Yeah, the general case is different from the German daß/dass problem in that "non-word" symbols, like punctuation, are not going to be indexed even if we deal with ß/ss correctly.
> This would do no analysis, no stemming, no normalization.
I can see not doing stemming or normalization, but "analysis" includes tokenization, which is more or less breaking text up into words in English (and much more complex in Chinese and Japanese, for example). Would you want to skip tokenization, too?
Without tokenization a search for bot
would return matches for bot
, robot
, botulism
, and phlebotomy
? Would you want to be able to search on ing te
and match breaking text
, but not breaking text
(with two spaces between words). Would you want searches for text
, text,
, text.
, and text"
to all give different results? It sounds like the answer is yes, so I'll assume that's the case.
The problem is that this kind of search is extremely expensive. For the current insource regex search, we index the text as trigrams (3-character sequences—so some text
is indexed as som
, ome
, me
(with a final space) e t
(with a space in the middle), te
(with an initial space), tex
, and ext
). We try to find trigrams in a regex being searched to limit the number of documents we have to scan with the exact regex. That's why insource regex queries with only one character or with really complex patterns with no plain text almost always time out on English Wikipedia—they have to scan the entire document collection looking for the one character or the complex pattern. But insource queries for /ing text/
or /text\"/
have a chance—though apparently matching the trigram ing
gives too many results in English and the query still times out!

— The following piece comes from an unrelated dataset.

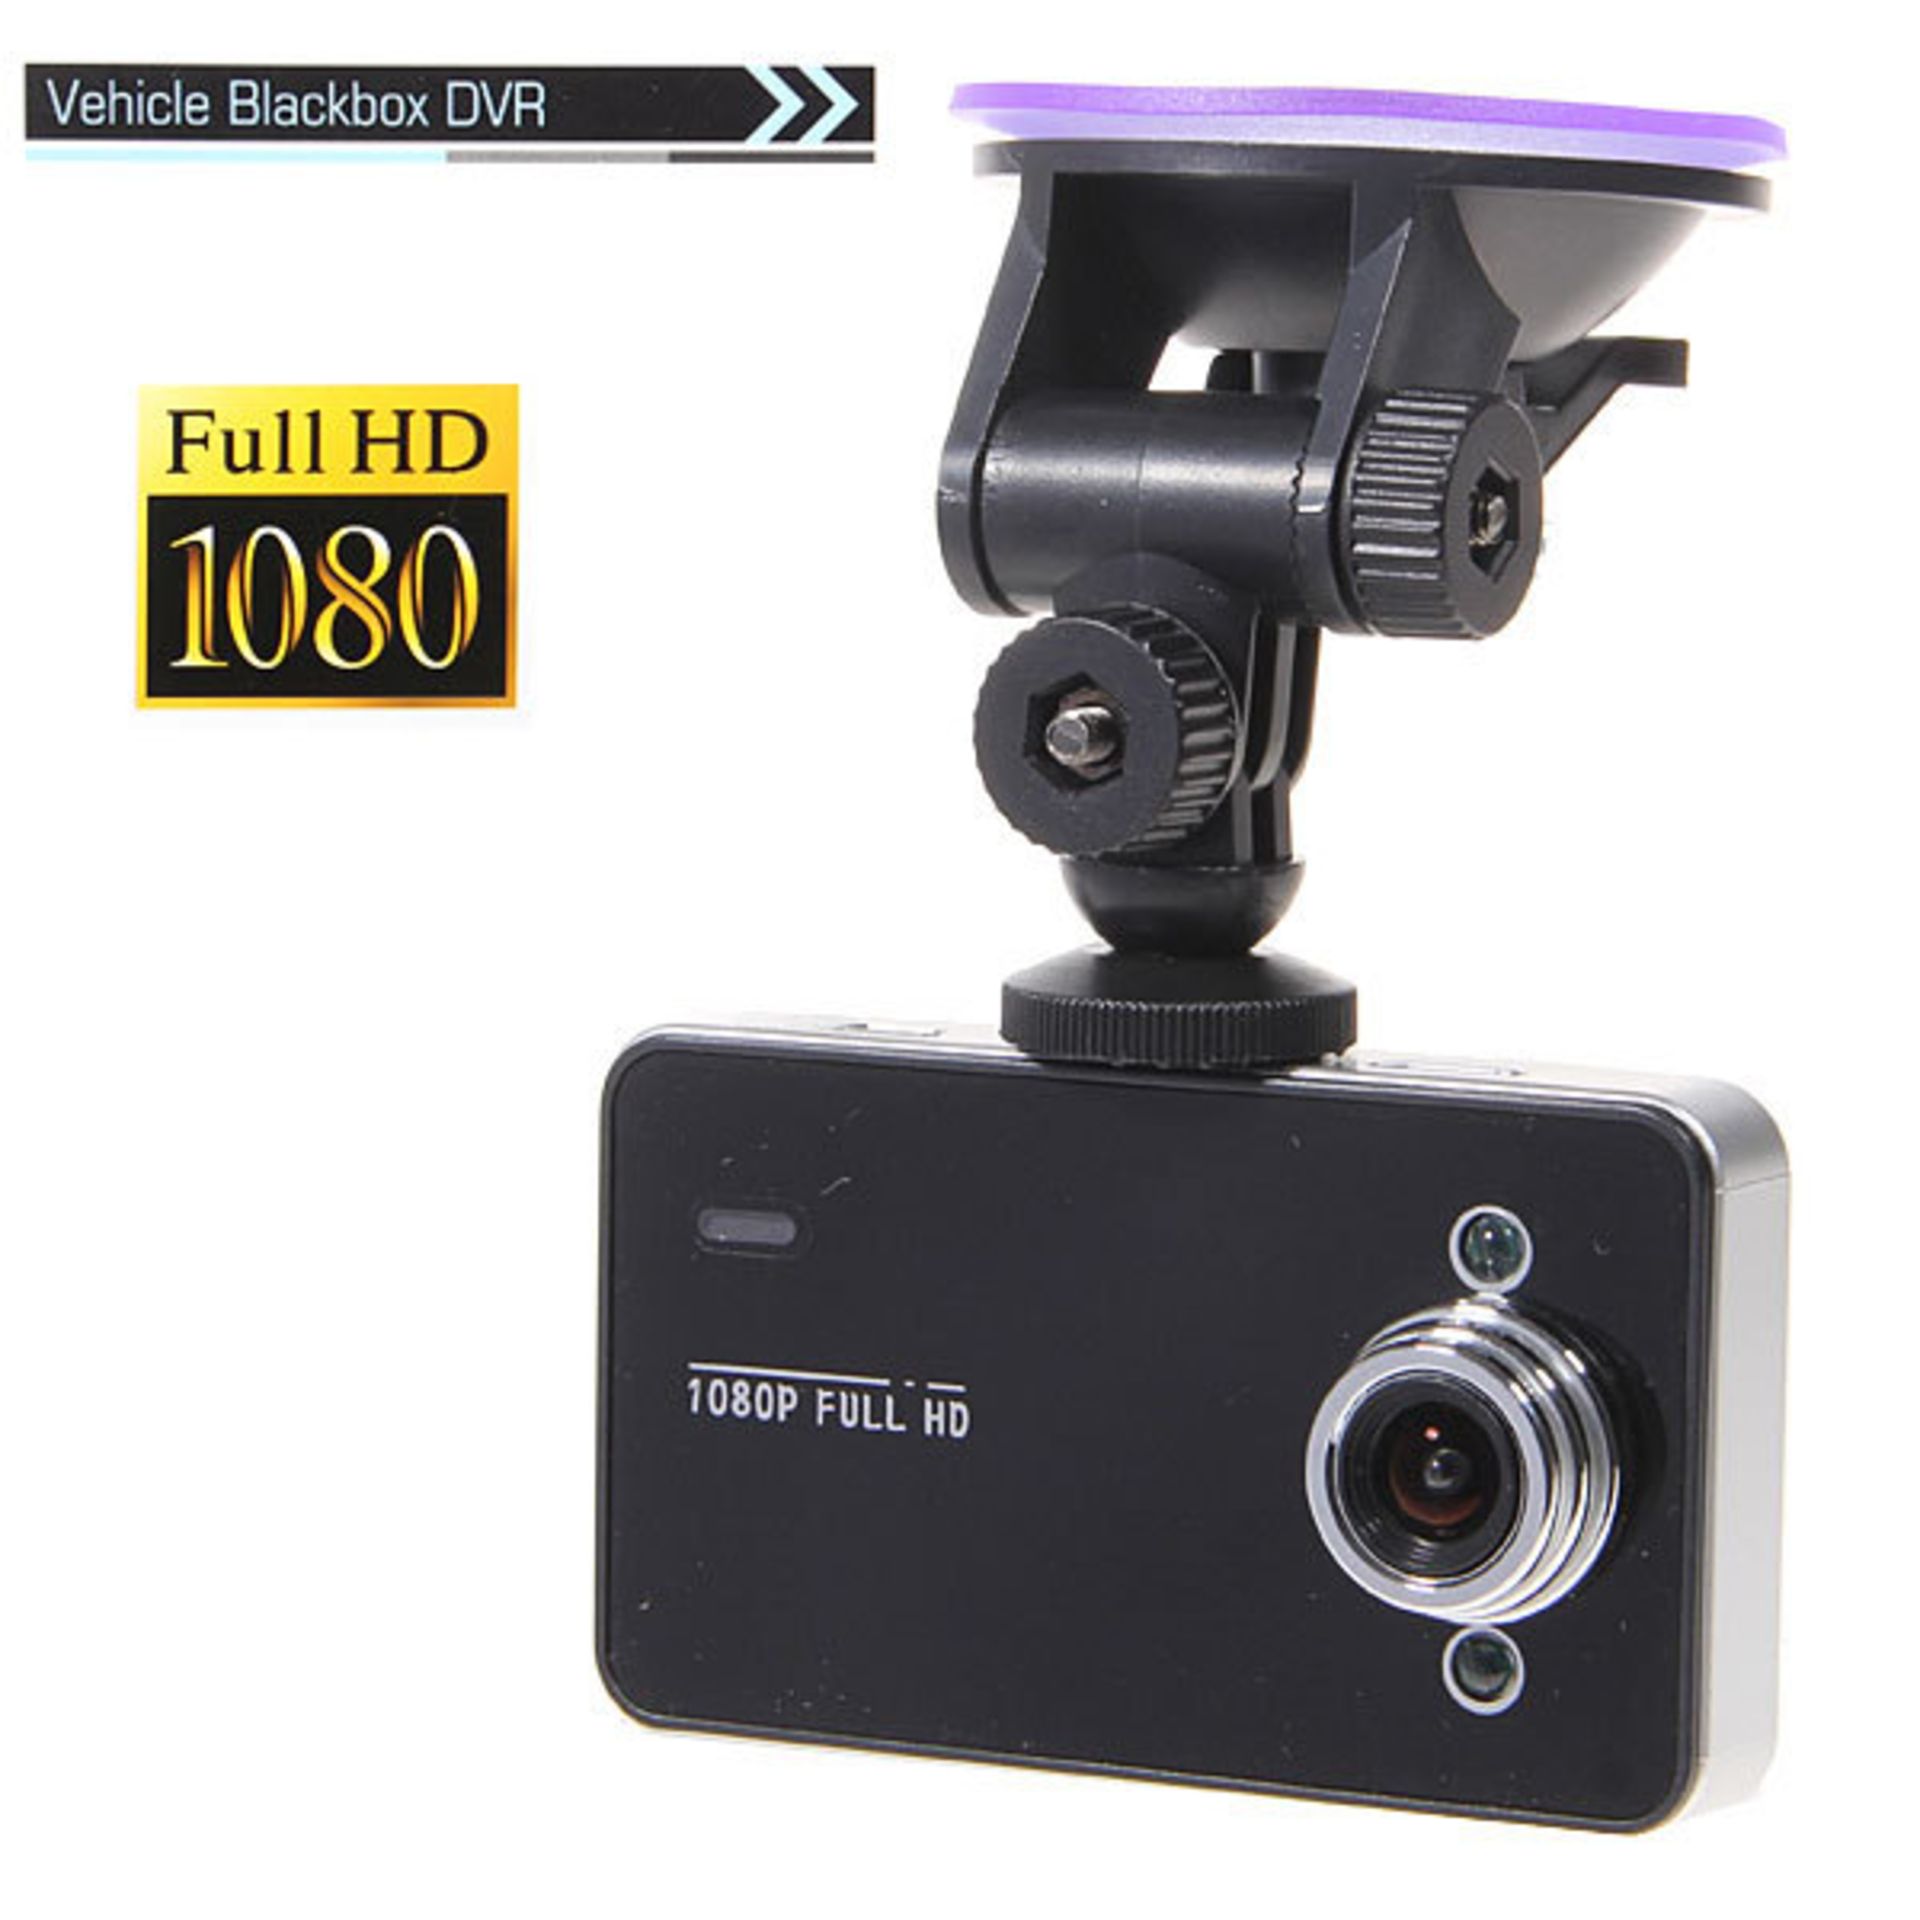 V *TRADE QTY* Brand New Car Camera Blackbox DVR With Motion Detecting HD/DVR 1080p X 15 YOUR BID

Indexing every letter (or even every bigram) would lead to incredibly large indexes, with many index entries having millions of documents (most individual letters, all common short words like in, on, an, to, of, and common grammatical inflections like ed). Right now you can search for the on English Wikipedia and get almost 5.7M hits. It works and doesn't time out because no post-processing of those documents is necessary to verify the hits—unlike a regex search which still has to grep through the trigram results to make sure the pattern matches.

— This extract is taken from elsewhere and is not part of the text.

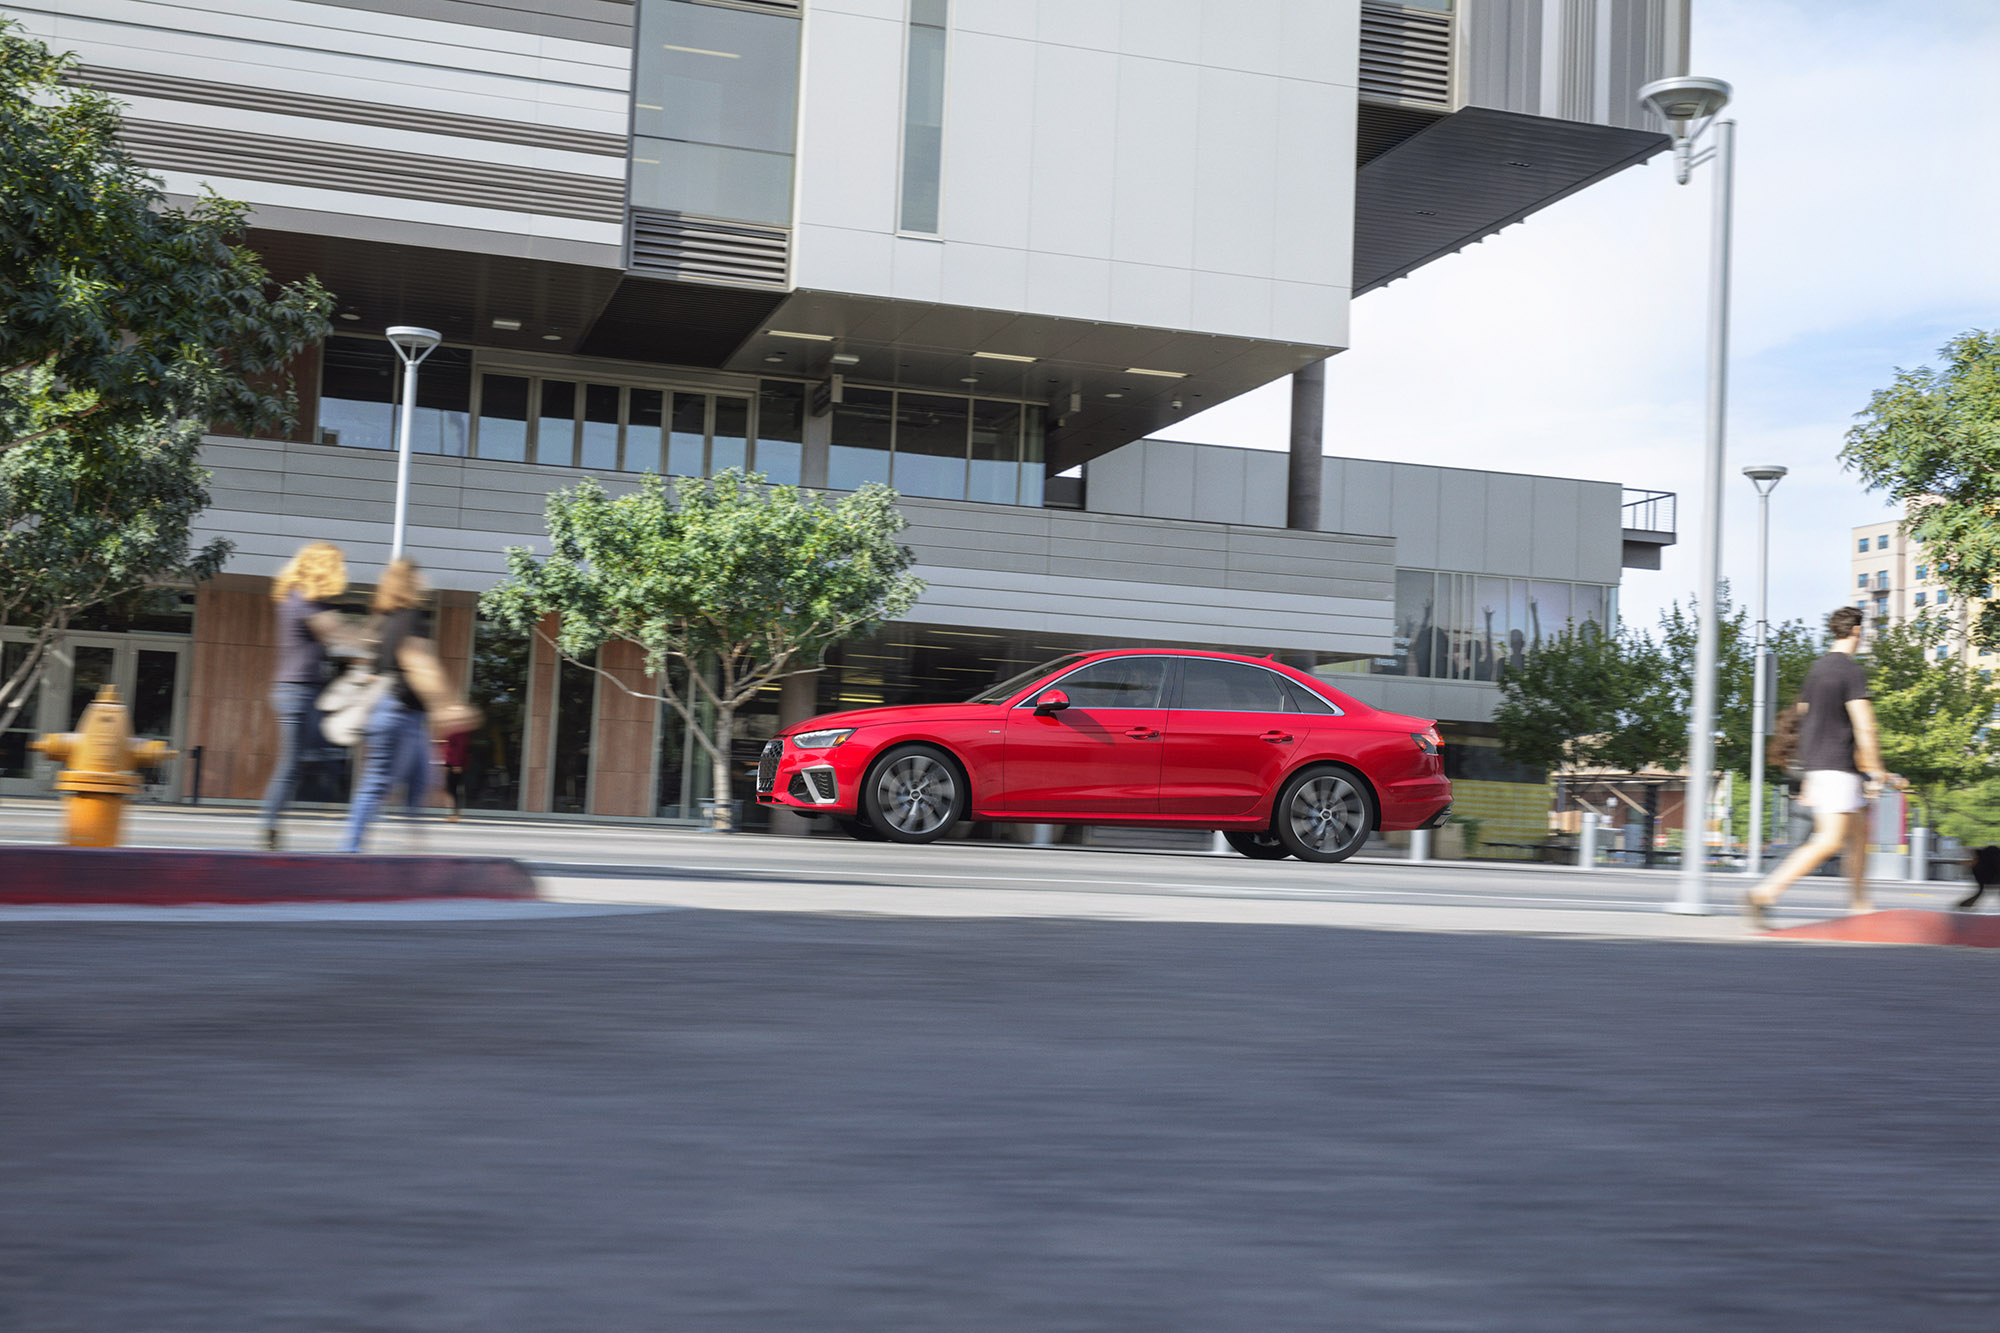 A red Audi A4 driving through a city.

An alternative might be to do tokenization such that no characters are lost, but the text is still divided into "words" and other tokens. In such a scenario, text."
would probably be indexed as text
, .
, and "
, and a search for text."
would not match, say, context."
. There are still complications with whitespace, and a more efficient implementation that works on tokens (which is what the underlying search engine, Elasticsearch, is built to do) might still match text . "
and text."
because both have the three tokens text
, .
, and "
in a row. A more exact implementation would find all documents with text
, .
, and "
in them, and then scan for the exact string text."
like the regex matching does, but that would have the same limitations and time outs that the regex matching does.
Unfortunately, your use cases are just not well-supported by a full-text search engine, and that's what we have to work with. I don't think there's any way to justify the expense of supporting such an index. And even if we did build the indexes required, if getting rid of time outs and incomplete results would require significantly more servers dedicated to search.
Even Google doesn't handle the 〃 case (Google: 〃 site:en.wikipedia.org
). It drops the 〃 and gives roughly the same results as site:en.wikipedia.org
(it actually gives a slightly lower results count—61.3M vs 61.5M—but the top 10 are identical and the top 1 doesn't contain 〃).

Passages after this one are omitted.